S. aureus/CNS PNA FISH is a multicolor, qualitative nucleic acid hybridization assay intended for the identification of Staphylococcus aureus and/or selected other Staphylococcus species on smears made from positive blood cultures containing Grampositive cocci in clusters observed on Gram stain.

Subculturing of positive blood cultures is necessary for susceptibility testing and/or differentiation of mixed growth.

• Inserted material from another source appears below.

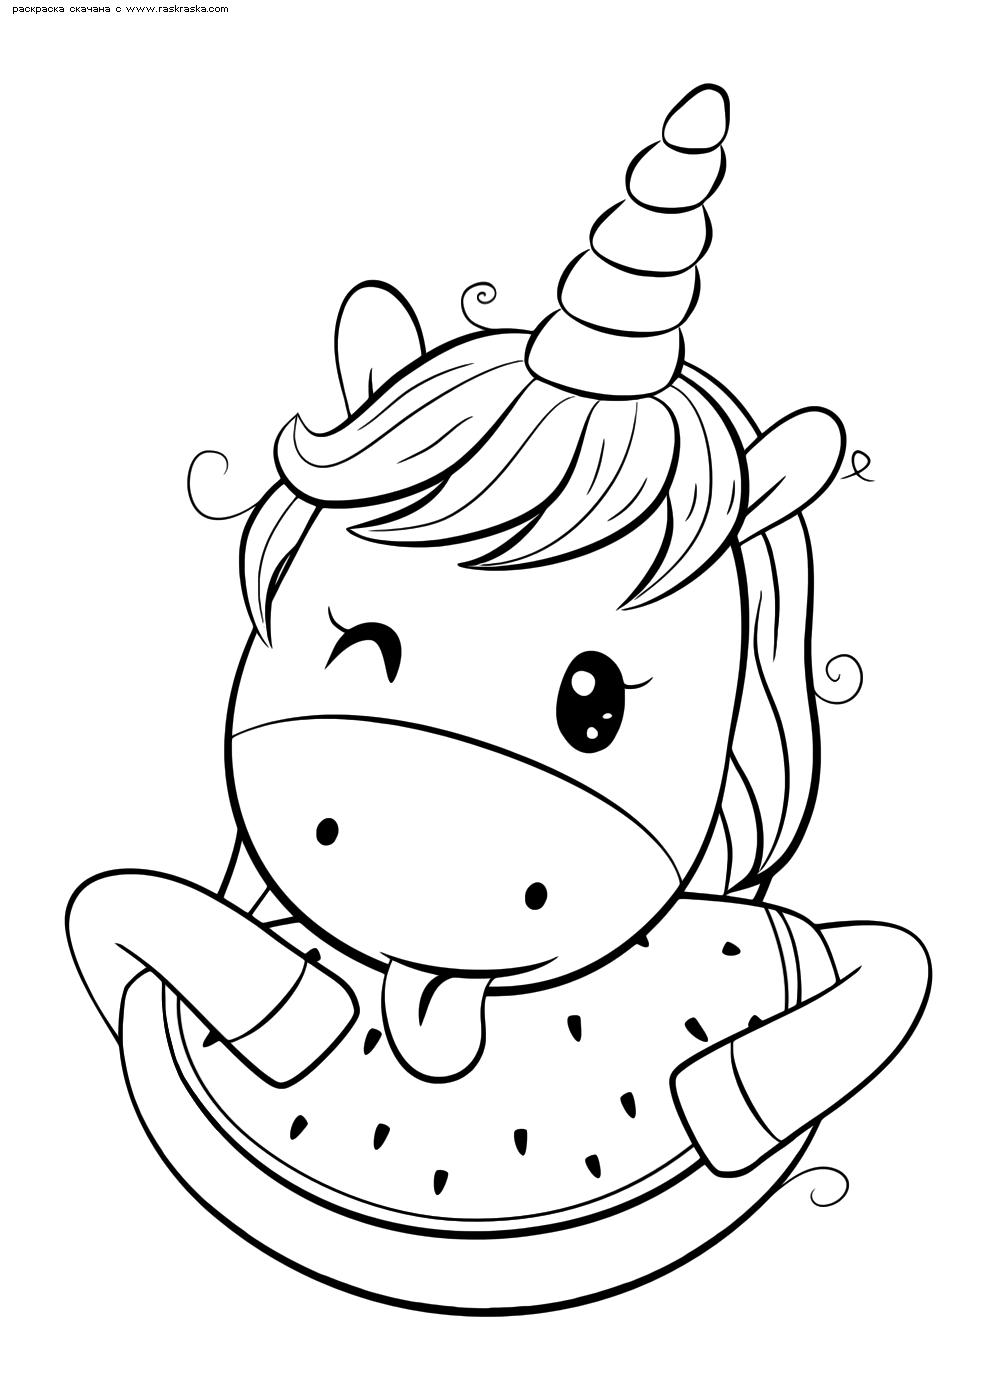 Раскраска Единорожка с арбузом | Раскраски няшных животных ...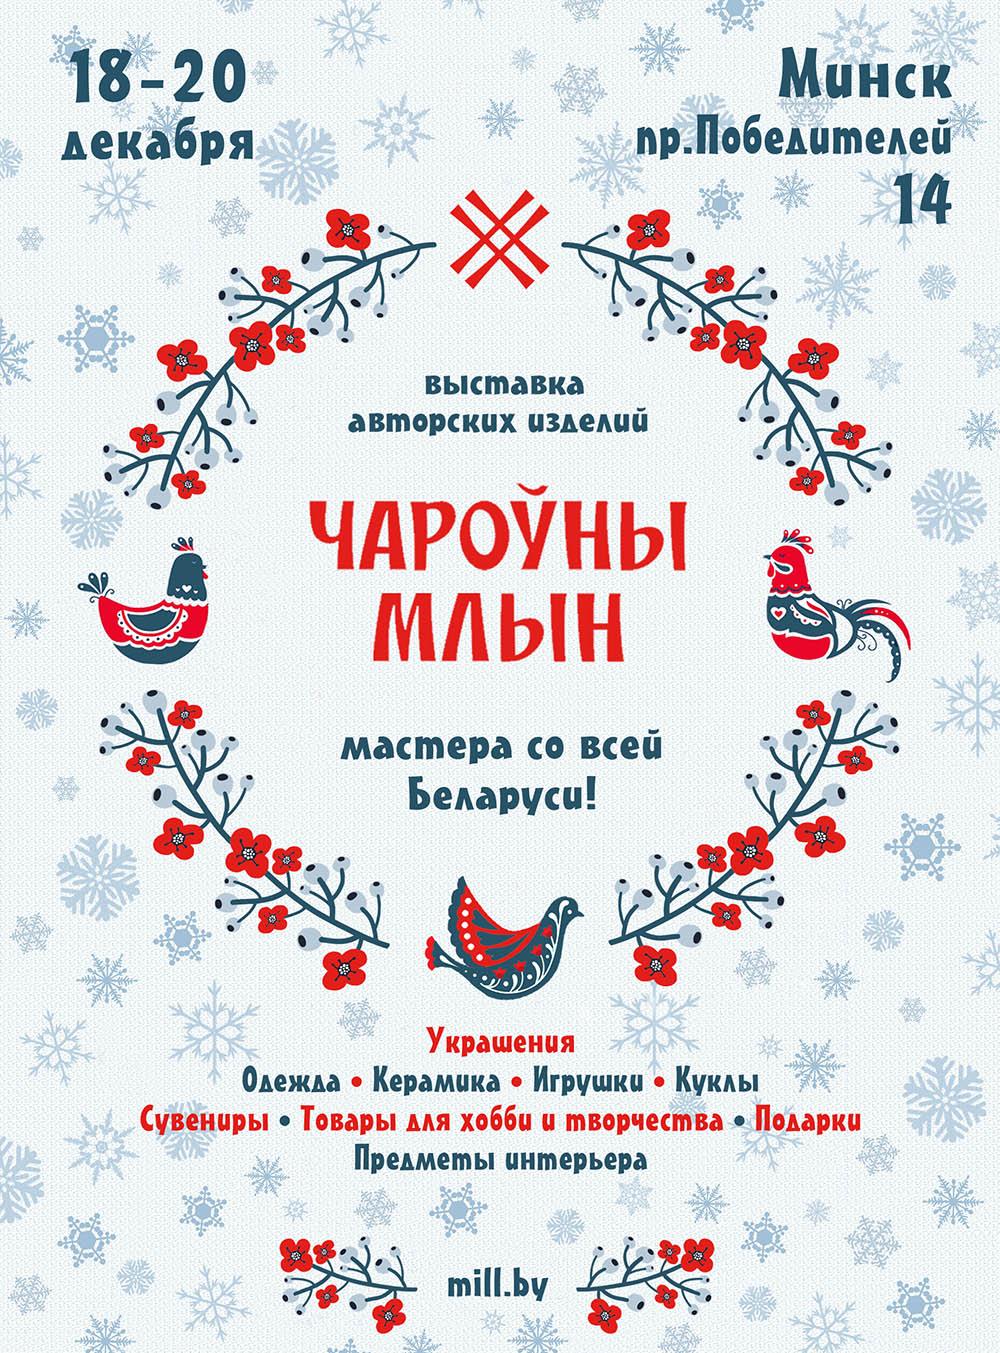 Дизайн новогодней афиши для выставки изделий ручной работы фото f_0825f8975bea5559.jpg

S. aureus/CNS PNA FISH is intended as an aid in the diagnosis of S. aureus bacteremia.

Device Description

Not Found

AI/ML Overview

The provided document is a 510(k) clearance letter from the FDA for a diagnostic kit, not a study report. It does not contain the detailed information required to fulfill the request. The document clears the S. aureus and/or other Staphylococcus species PNA FISH® Culture Identification Kit based on its substantial equivalence to predicate devices, but it does not describe the specific acceptance criteria or the study that proves the device meets those criteria in the level of detail requested.

Therefore, I cannot provide the requested table, sample sizes, expert qualifications, adjudication methods, multi-reader multi-case study details, standalone performance, ground truth types, or training set information.

The document only states the Indications for Use:

  • Identification of Staphylococcus aureus and/or selected other Staphylococcus species on smears made from positive blood cultures containing Gram-positive cocci in clusters observed on Gram stain.
  • Intended as an aid in the diagnosis of S. aureus bacteremia.

It also explicitly states: "Subculturing of positive blood cultures is necessary for susceptibility testing and/or differentiation of mixed growth." This implies the device is an identification aid, not a complete diagnostic solution for resistance or mixed infections.

§ 866.3700

Staphylococcus aureus serological reagents.(a)
Identification. Staphylococcus aureus serological reagents are devices that consist of antigens and antisera used in serological tests to identify enterotoxin (toxin affecting the intestine) producing staphylococci from cultured isolates. The identification aids in the diagnosis of disease caused by this bacterium belonging to the genusStaphylococcus and provides epidemiological information on these diseases. Certain strains ofStaphylococcus aureus produce an enterotoxin while growing in meat, dairy, or bakery products. After ingestion, this enterotoxin is absorbed in the gut and causes destruction of the intestinal lining (gastroenteritis).(b)
Classification. Class I (general controls). The device is exempt from the premarket notification procedures in subpart E of part 807 of this chapter subject to the limitations in § 866.9.